Before he trusted his own heart-quivering voice, James Blake deftly made taffy out of those of others. He stretched out shape-note singing on his very first single and blendered the likes of Kelis and Aaliyah as a follow up, before voicing for himself that Wilhelm Scream. But it still seemed crazy that the post-dubstep weirdo would one day mope alongside people like Beyoncé, Frank Ocean, Vince Staples, and Pulitzer Kenny. At this point, it would be fair to say that he has influenced a crop of new acts who balance heartache and wobble, be they Khalid, Sampha, or Moses Sumney. Gloomy and ponderous as 2016’s The Colour in Anything could get, Blake’s portfolio has only expanded deeper into pop, hip-hop, and R&B. Those captivated by those alien early singles could also take solace as Blake showed he still had a mischievous twinkle about him, whether by helping to shape Oneohtrix Point Never’s Age Of or warping his vocals on a queasy ode to L.A. gridlock.

His new album Assume Form finds Blake at his most tactile and slippery, insular and assured. He doubles down on his melancholy, but also makes room for love, inviting previous collaborators like Travis Scott and André 3000 to strike out on uncanny new tangents with him, his voice ductile enough to work in each new context. And the sparseness of previous albums now is lush with details. Blake’s elegant piano introduces the title track, easily his most tender turn to date, opening himself to new love as his voice pitches heavenward alongside a quiver of violins.

“Mile High” finds Blake on equal footing with Scott and Metro Boomin, two of hip-hop’s most bankable acts at the moment. But even the surest of sounds goes a-quiver in Blake’s hands: deep bass quakes turn into flute flutters, trap snares into mist, and Blake goes Gregorian mass in one spacious moment (see also the cavernous self-choir on closer “Lullaby for My Insomniac”). On “Tell Them,” Blake and Sumney team up over another Metro Boomin production, each pushing their falsettos ever higher into the ether.
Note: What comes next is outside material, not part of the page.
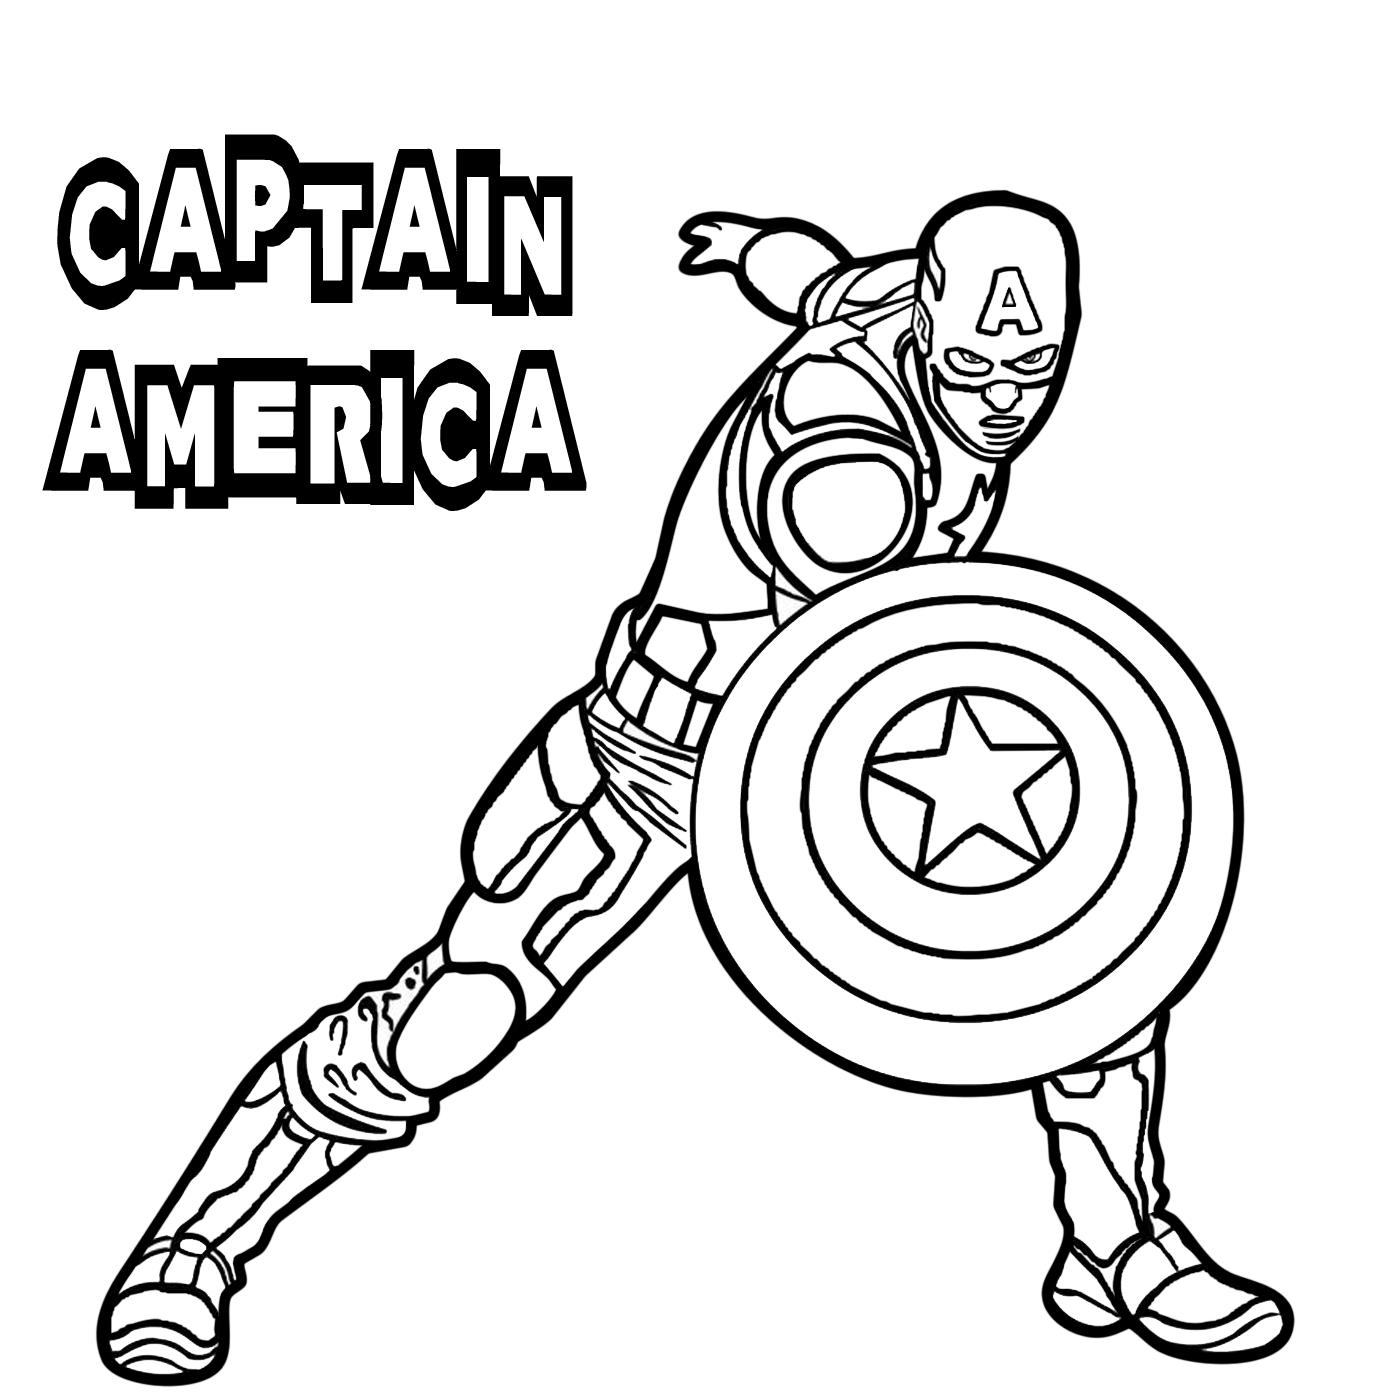 Капитан Америка для печати на стенгазету

For such crackling peaks, there are also times where it seems Blake has found himself at the forefront of a heady new genre, trap-schmaltz. Maybe Frank Ocean got there first with his cover of “Moon River,” but Blake pushes deeper. So while an edge still lurks in the snares and 808s of “I’ll Come Too” and “Can’t Believe the Way We Flow,” it’s now suffocated in mounds of cotton candy. The two songs are stuffed with emotions-on-cufflinks swoon, straight-faced sincerity, and an array of strings that could’ve come right out of A Little Touch of Schmilsson in the Night. It’s easy-listening enough to sneak onto your great-grandma’s Spotify Hit Parade.

Despite those shortcomings, Assume Form stands as Blake’s most coherent statement to date. The Spartan singer-songwriter tropes of his debut, the half-baked collabs of Overgrown, and the overlong The Colour in Anything fall away to reveal a more dynamic Blake. And as thrilling as it is to hear André 3 Stacks ride on Blake’s piano-playing, the album’s best bit comes in Blake’s duet with flamenco upstart Rosalía. The romantic “Barefoot in the Park” is a speedball of minor-key melancholia and flying sparks as the two sing of sweet love, Rosalía’s voice curling around Blake’s like exhaled smoke. Before, he might have left it as is, or else drowned it in pathos. But now Blake assertively takes her voice and twists it higher, until it’s a giddy, high, trilling frequency, and the song starts to tremble like someone drawing nearer to his or her betrothed.